高校教師を経て、実業団の監督へ転身し、それぞれに高校チャンピオン、日本チャンピオン、そして世界チャンピオンを育て、指導者としては頂点を極めたかに見える監督だが、監督の夢はまだまだ衰える気配は感じられない。 その一つが、実業団という枠にとらわれないクラブチームの創設に見ることができる。
2001年初夏の北海道を笑顔で駆け抜け、復活を印象付けた千葉真子選手は、「佐倉アスリートクラブ」なる所属で優勝を飾った。

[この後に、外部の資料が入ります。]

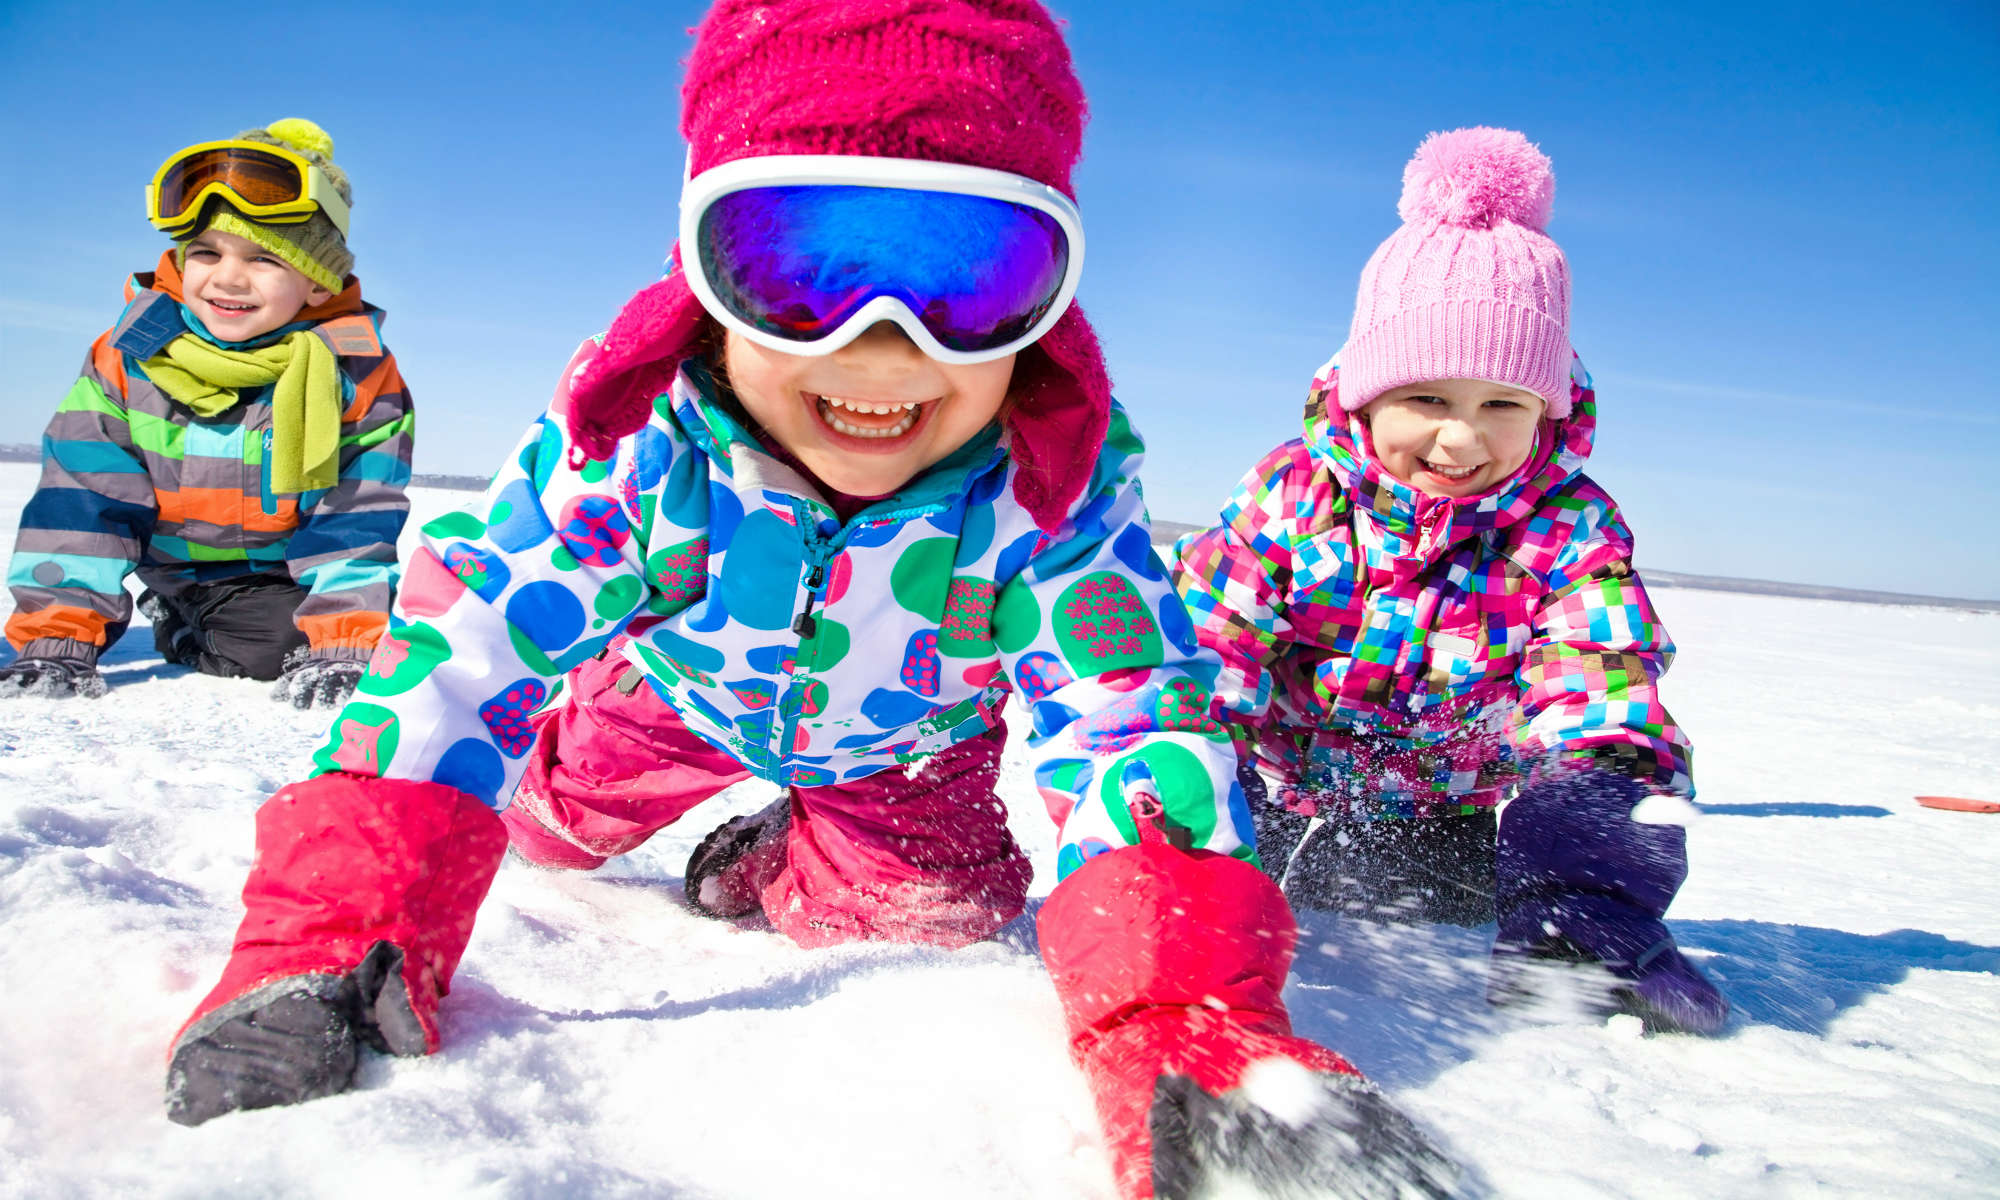 Tre bambini giocano con la neve a Bormio, mentre sorridono verso la macchina fotografica.

学校の駅伝チームは、少子化の影響で単独チームを組めなくなり、企業は不況の影響で実業団チームの縮小を余儀なくされている。 佐倉アスリートクラブの設立趣旨は、旧来の概念だけにとらわれずに行動するという、監督の生き方が表現されているようだ。 常に新しいことに挑戦しつづけ、決して現状に満足しない監督は、心から“かけっこ”を愛する、少年のようだ。 この本を読むと、監督の許から、走ることを愛する選手たちが集まり、育っていく理由が分かる気がする。
追伸 その後小出監督は所属企業を退社し、佐倉アスリートクラブ監督として専念することを発表(2002/12/25)。翌年初頭には、教え子の高橋尚子選手も退社を発表している。